Activity »
Using the data below, print exactly the line with "Amparo Jequitibá and", the line with "Bob Morley shirtless", and every line between them, but none of the pictures.

Material provided »
↓

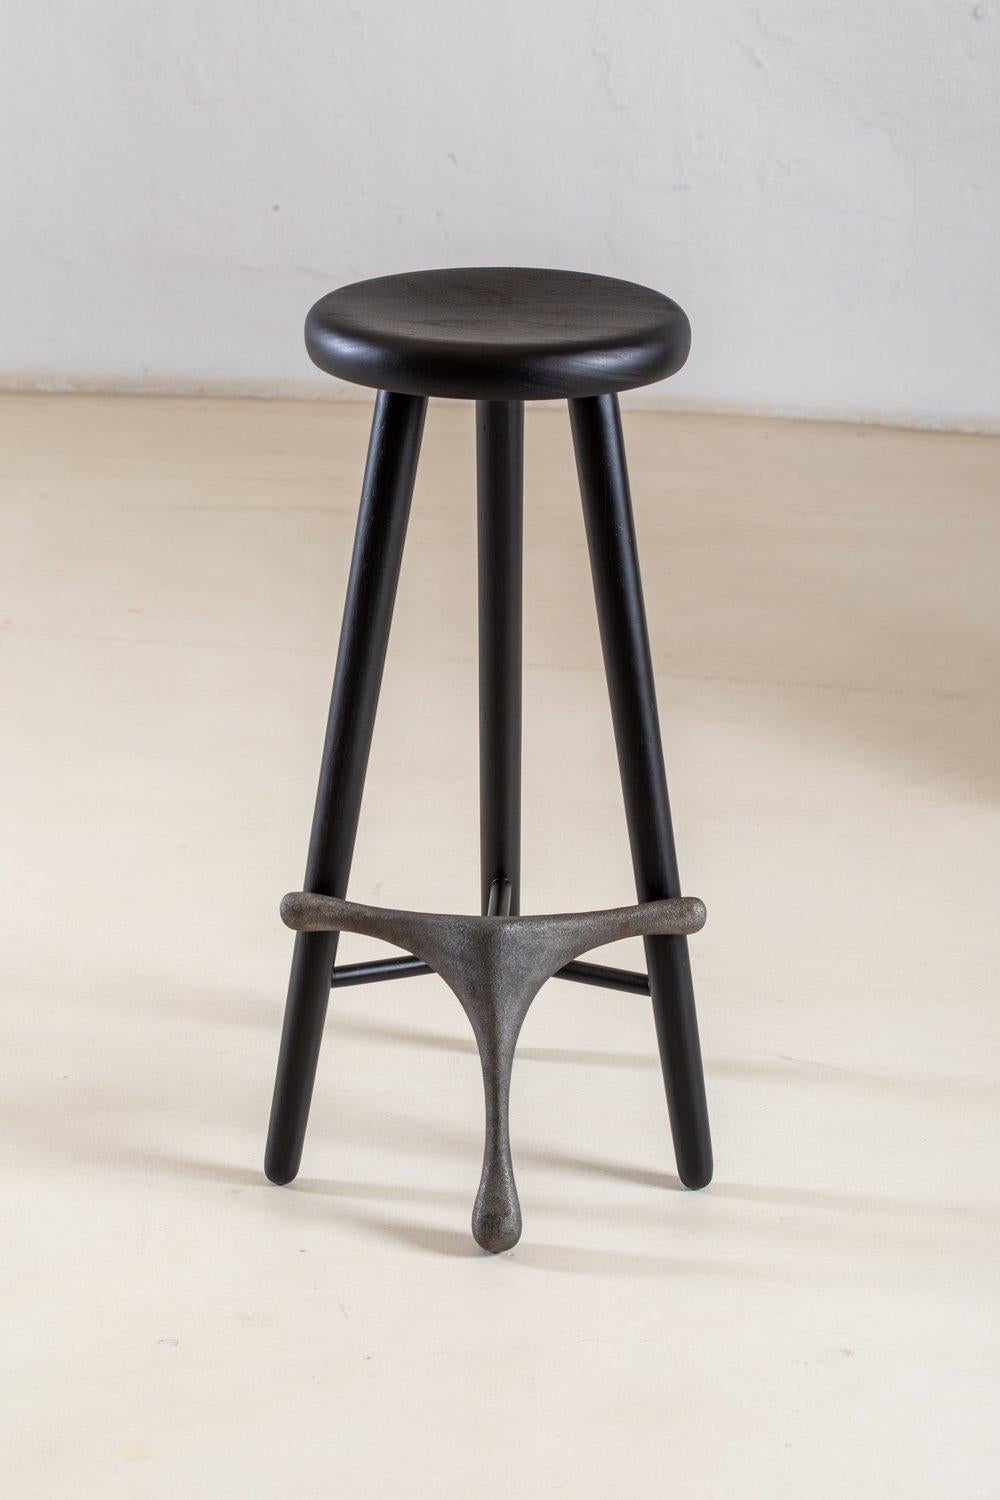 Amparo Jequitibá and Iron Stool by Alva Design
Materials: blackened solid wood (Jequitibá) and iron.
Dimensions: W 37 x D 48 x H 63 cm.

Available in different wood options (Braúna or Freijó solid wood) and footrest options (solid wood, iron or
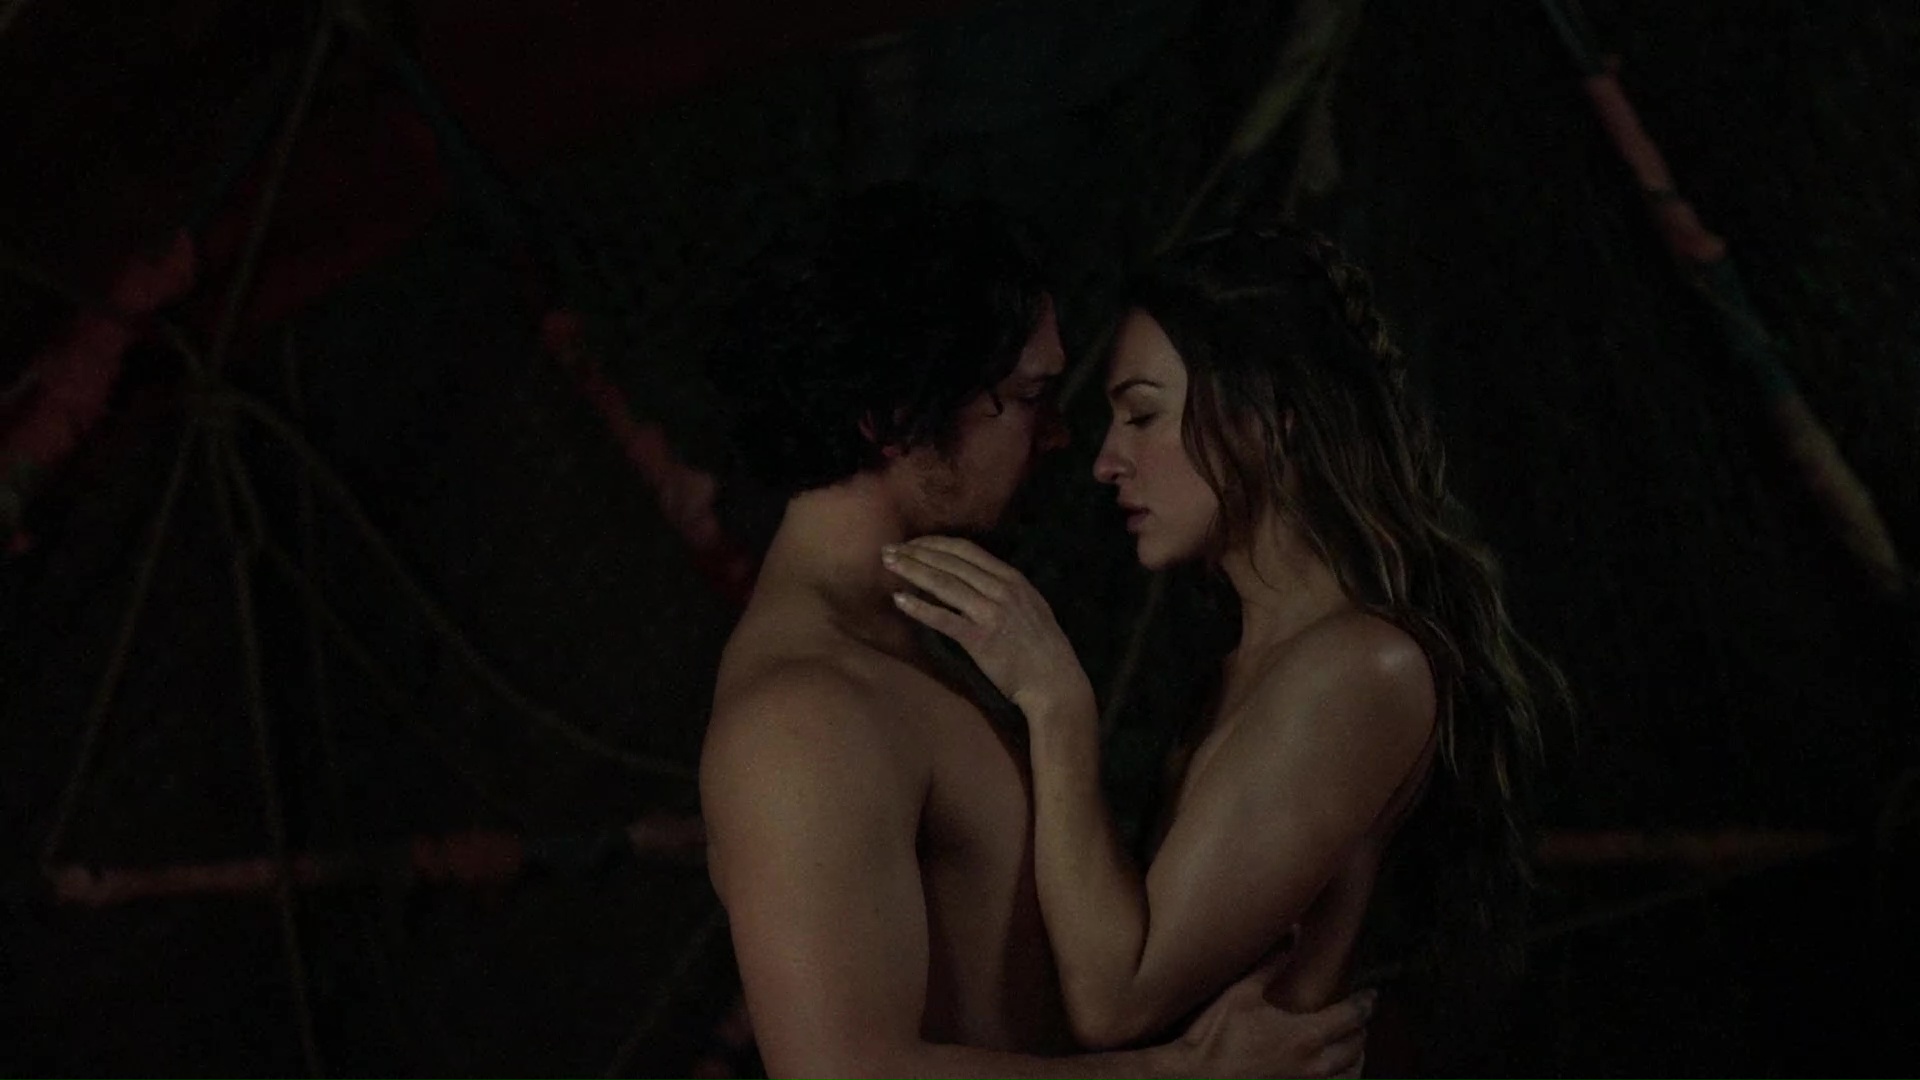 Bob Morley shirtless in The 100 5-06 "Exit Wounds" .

↑
↓

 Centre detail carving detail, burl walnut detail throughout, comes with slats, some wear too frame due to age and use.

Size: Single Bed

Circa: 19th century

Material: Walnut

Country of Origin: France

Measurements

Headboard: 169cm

↑
↓

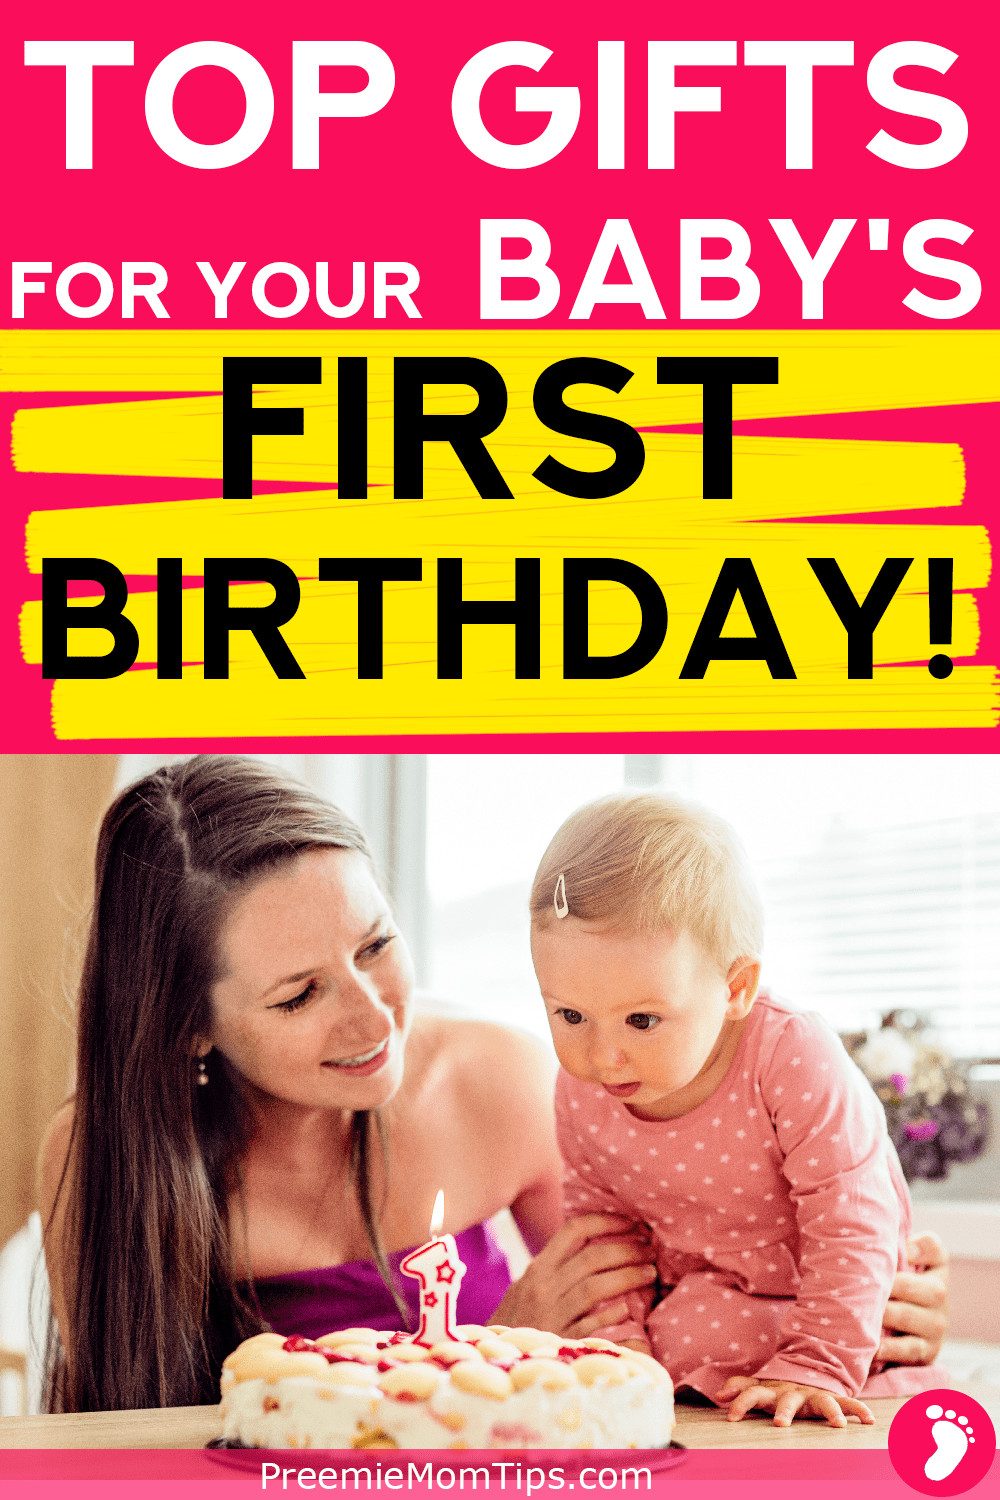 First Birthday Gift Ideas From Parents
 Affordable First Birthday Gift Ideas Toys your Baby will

↑

Result for this exercise »
 Amparo Jequitibá and Iron Stool by Alva Design
Materials: blackened solid wood (Jequitibá) and iron.
Dimensions: W 37 x D 48 x H 63 cm.

Available in different wood options (Braúna or Freijó solid wood) and footrest options (solid wood, iron or
 Bob Morley shirtless in The 100 5-06 "Exit Wounds" .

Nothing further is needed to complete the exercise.